The incident took place almost at the end of December 2014 at the gold camp following a random shooting which caused a falling dirt wall that was said to have been undermined by the miners themselves.
Survivors of the incident identified as George David, Pedehgar Tamu and one Obediah, who fled the scene confirmed the disaster during a separate interview with the Daily Observer in the township.
They narrated that the incident started when over 2000 mining job seekers were asked by managers of the No Way Camp to pay the amount of L$500 each as a fee to obtain the jobs.
However, hell broke loose when the managers received the fees and deliberately failed to offer the men the jobs, the survivors reported. They said the aggrieved men went on a rampage and reportedly attacked the managers’ homes demanding the refund of their money since they could not get the jobs.

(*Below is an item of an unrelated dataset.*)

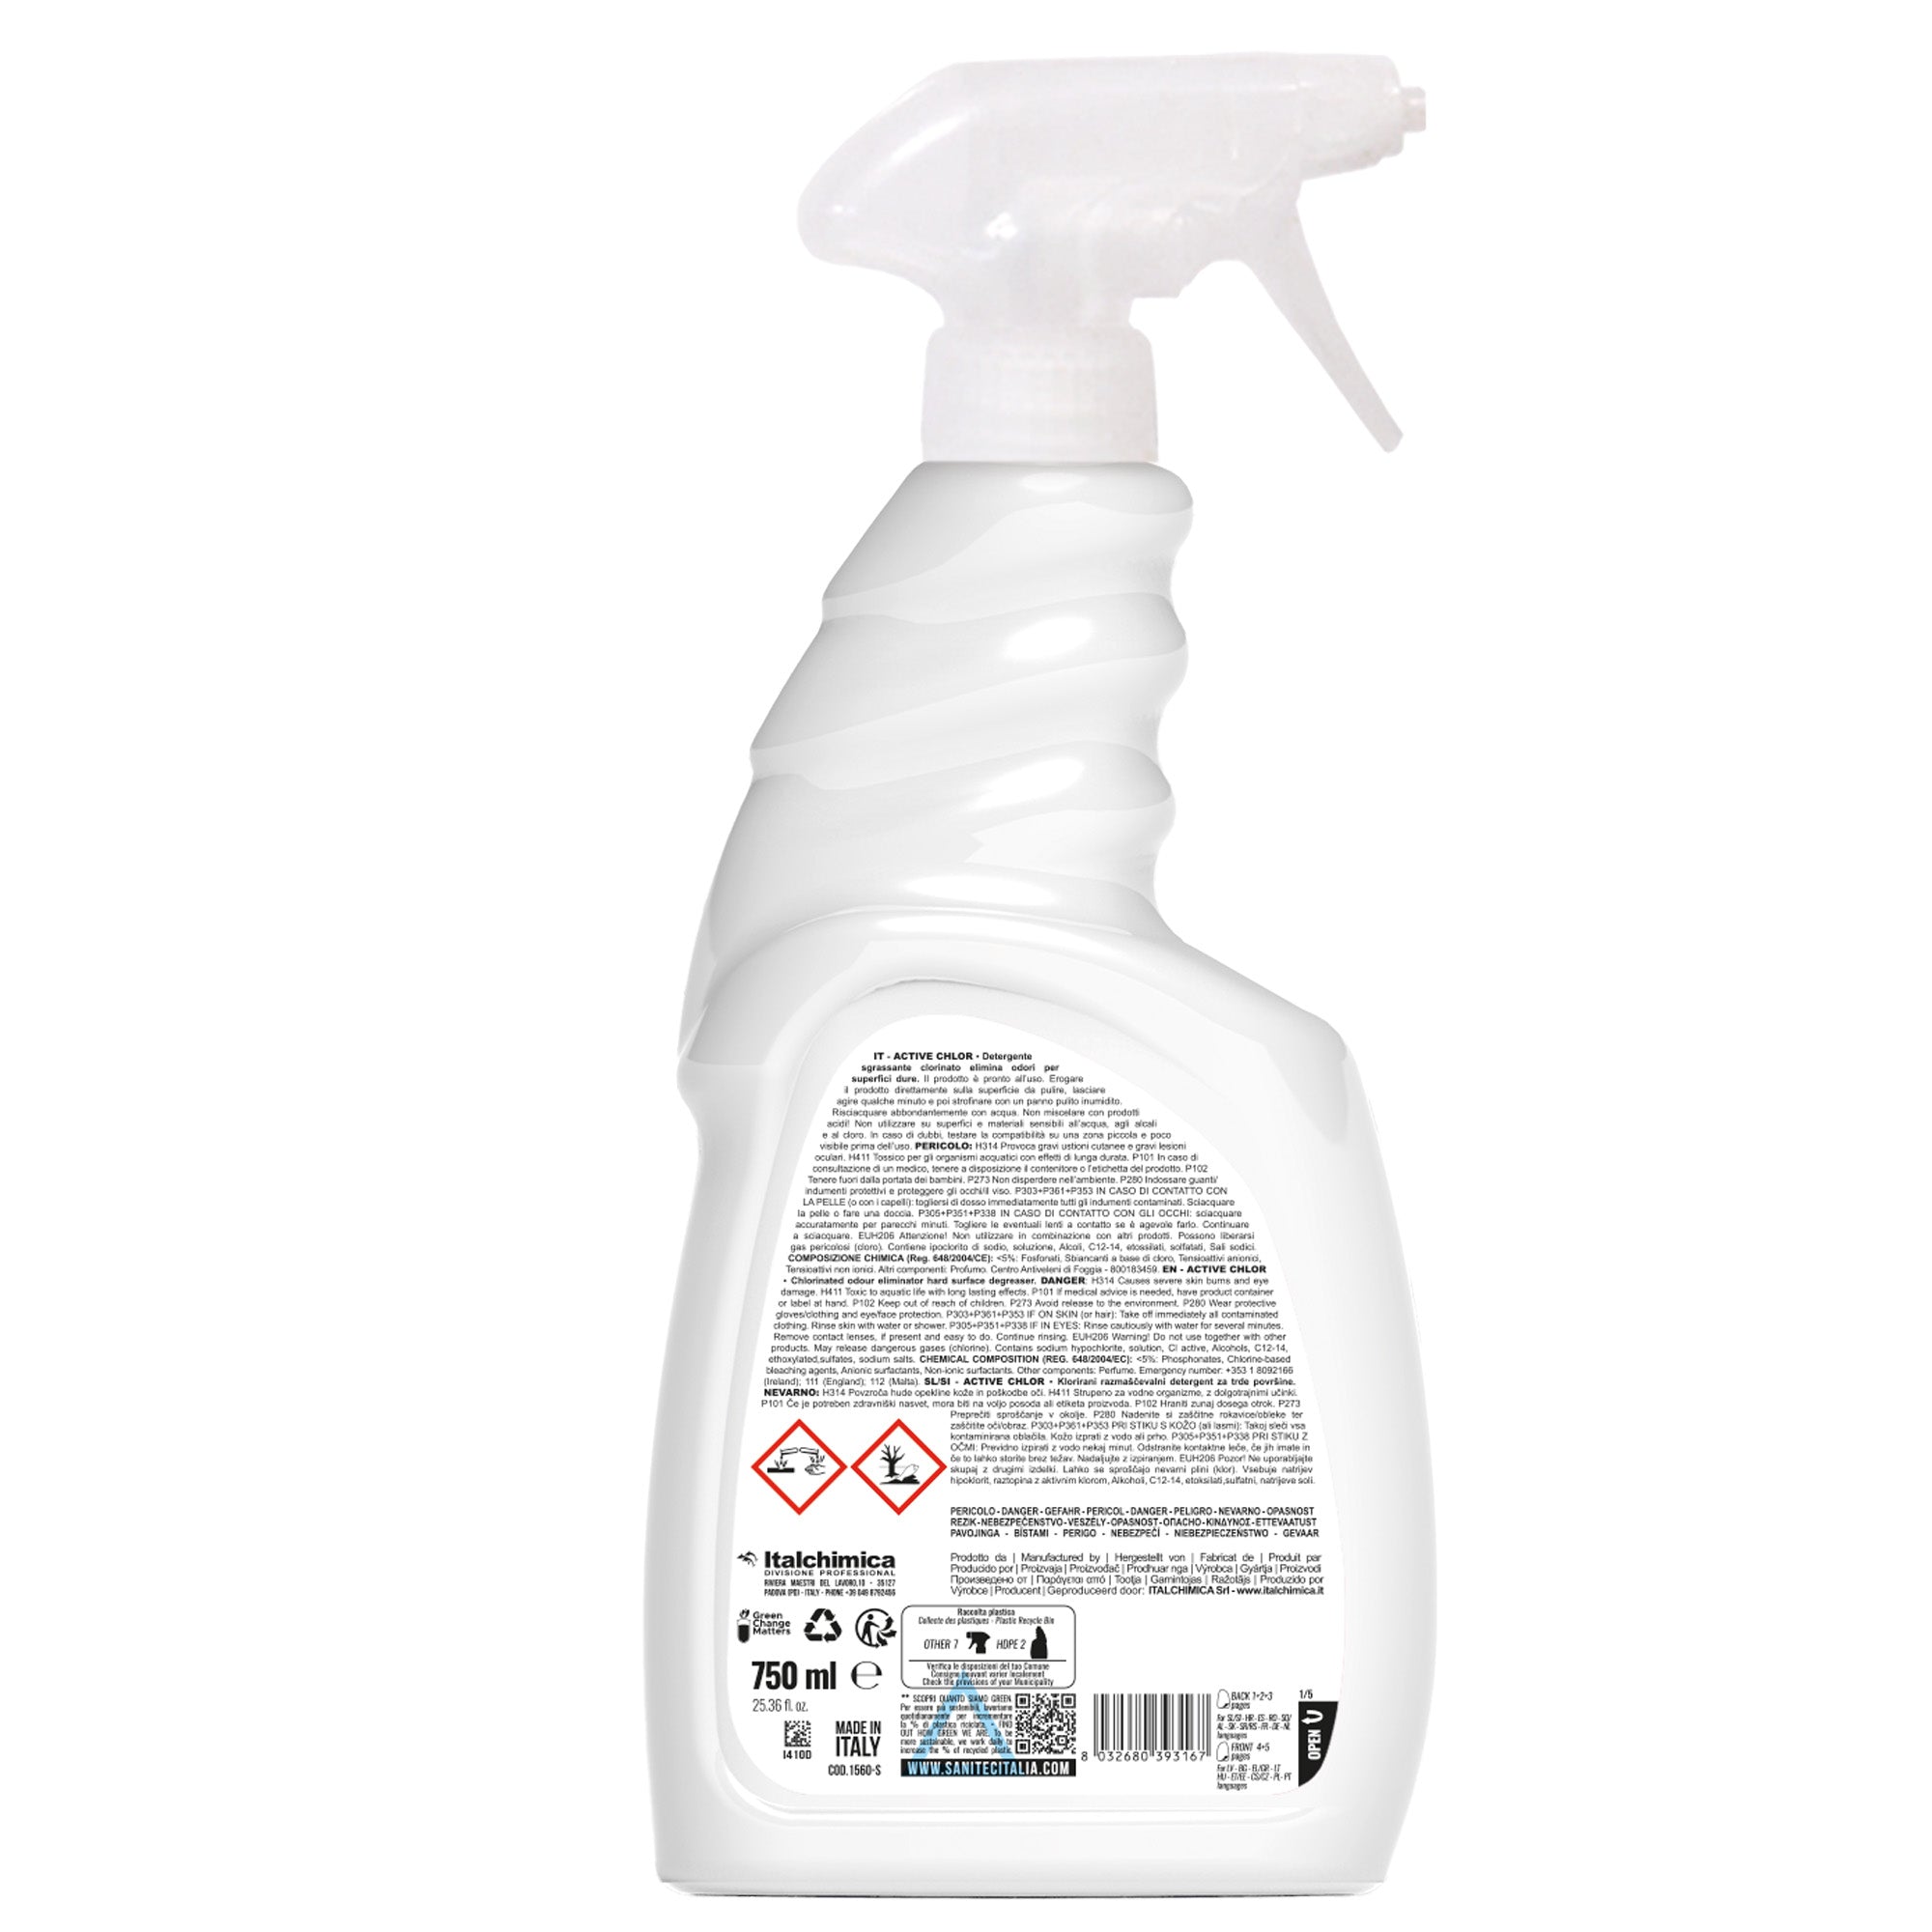 sanitec-detergente-sgrassante-clorinato-trigger-750ml
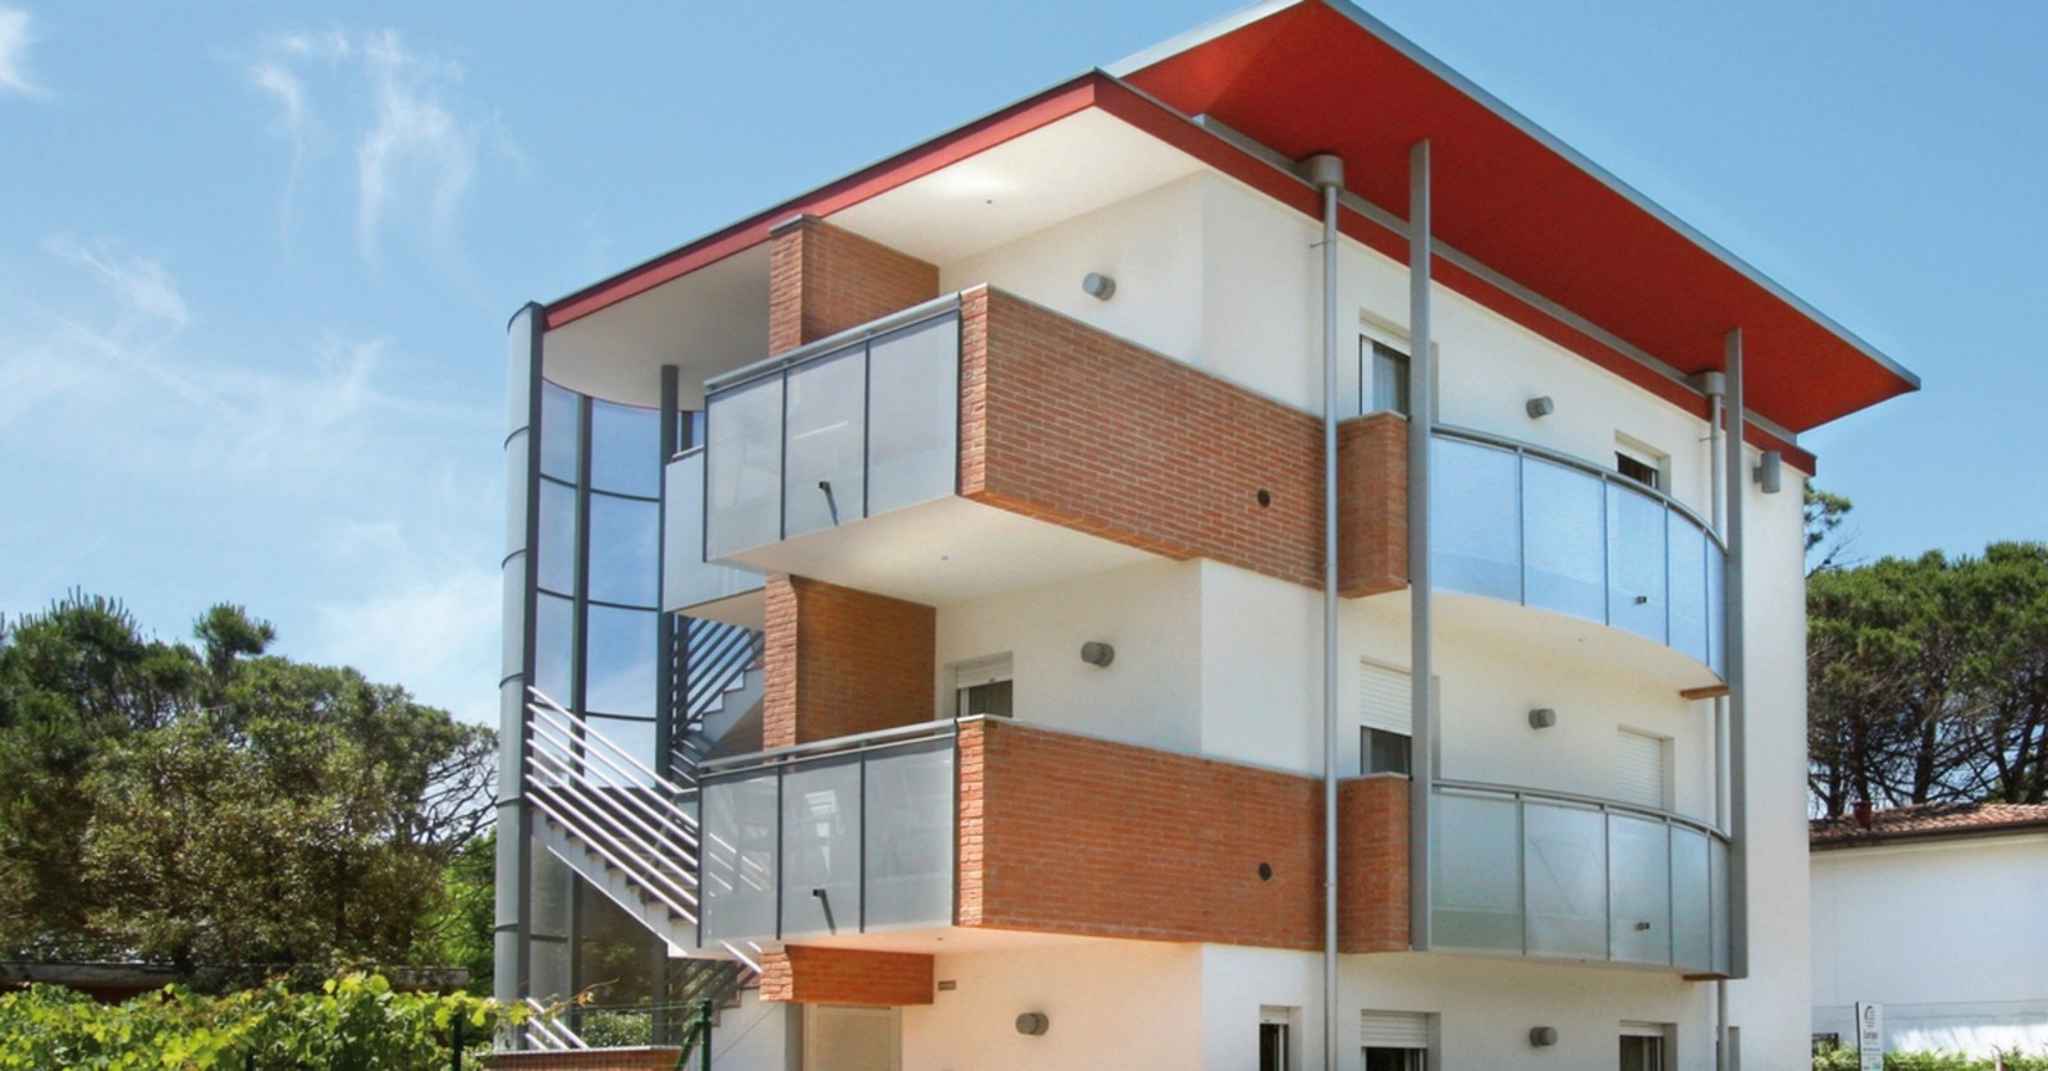 Ferienwohnung in anspruchsvoller Residenz mit 2 Balkonen

They alleged that during the riot, the security guards at the mining site opened fire at the crowd with their single barrel guns and allegedly killed an unspecified number of people. A dozen of the men who ran for their lives jumped in a 40-foot gold pit and those who were already in the pit instantly died when the dirt wall broke and fell on all of them, the survivors stated.
They further disclosed that the crowd demolished the managers’ houses and looted their belongings including 25kg bags full of gold and one containing 75 grams of gold, according to the survivors’ account.
Because of the tragic incident, the traditional people in the vicinity abruptly closed the camp and banned all mining activities to prevent further disaster. It is not clear when the camp will be reopened, the survivors said.
It is reported that government has deployed security personnel at No Way Camp to make sure that calm and peace are restored.
When contacted, the Grand Bassa County Information Officer, Eddie Williams, confirmed that “an incident” had happened at No Way Camp. Williams also told the Observer that Police officers from Buchanan had there to restore calm and to find out what had gone wrong.
Thirty-two years ago, it can be recalled, residents of a camp in Grand Cape Mount County with the same name—No Way Camp—suffered almost similar disaster on a Tuesday morning in October.